Clinton accused of being ‘war criminal’ by protesters while being installed as university chancellor

Former Secretary of State Hillary Clinton was in Northern Ireland Friday for a ceremony in which she was installed as the new chancellor of the Queen’s University in Belfast.

While that ceremony may have gone smoothly, the reception Clinton received from a group of protesters outside the event was less than welcoming, as she was repeatedly accused of being a “war criminal” and was instructed to “go f*** yourself,” the Daily Caller reported.

“War criminal!”

Video of the incident has spread on social media and features Clinton decked out in a ceremonial black robe approaching the steps to enter the building while surrounded by her security detail and followed by a young child carrying the lengthy train of Clinton’s outfit.

As she walked toward the building there was an initial mixture of cheers and boos that were ultimately drowned out by shouts from the protesters, particularly one woman who repeatedly shouted “war criminal” at the former secretary of state.

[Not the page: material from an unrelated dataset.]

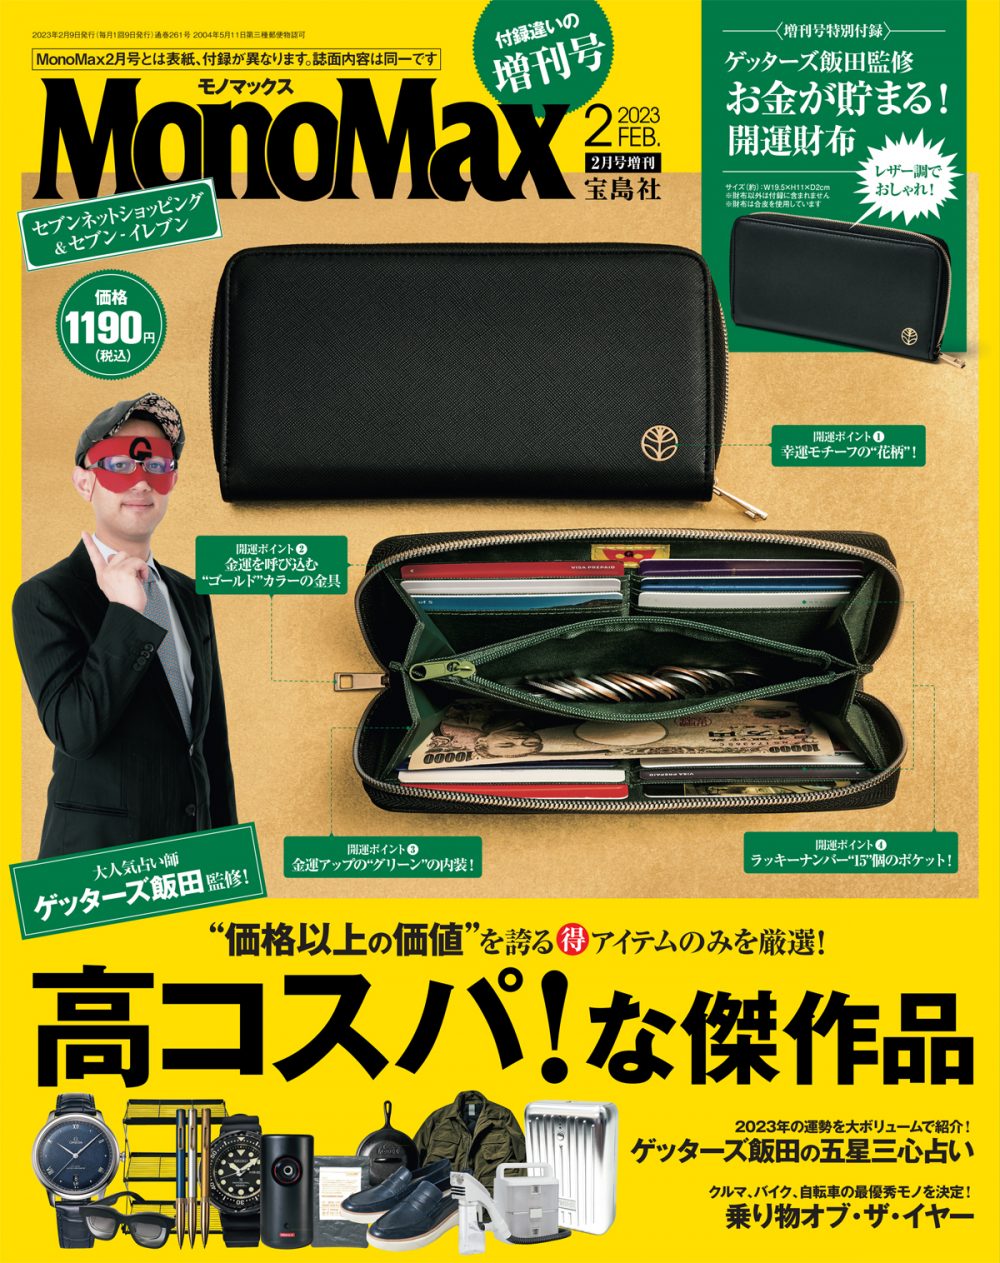 MonoMax モノマックス 9月号付録 マッキントッシュフィロソフィー 財布

Other protesters shouted “shame,” directed at both Clinton as well as the university, while still others shouted various expletives, including the aforementioned reference to self-fornication.

The BBC reported on the honorary event and shared some of what Clinton had said in accepting the chancellorship of Queen’s University in Belfast, an honor that was initially extended to her in 2020 but had been delayed until now due to the COVID-19 pandemic.

The British media outlet made minimal mention of the protesters who greeted Clinton, save for the assertion that the shouting crowd had simply been protesting the foreign policies of the United States.

Why was she targeted?

To be sure, it is unclear from that brief video clip exactly what Clinton was being accused of being a “war criminal” for, but the Daily Caller offered up a few potential reasons for why the protesters would choose to use that particular phrase.

First, as a U.S. senator from New York, there was Clinton’s vote to authorize the Iraq War — which she then backtracked on once political winds shifted — and support for the Afghanistan War.

Most likely, the chants had to do with her tenure as secretary of state from 2009-2013, during which she strongly advocated for the deadly surge of troops and drone strikes in Afghanistan, the unauthorized bombing campaign that toppled Libya’s government, and a failed push to invade Syria to topple its besieged government.

Regardless of whether it was any of those or other reasons, it was nonetheless clear that the protesters were none too pleased to see Clinton being honored by the Belfast university.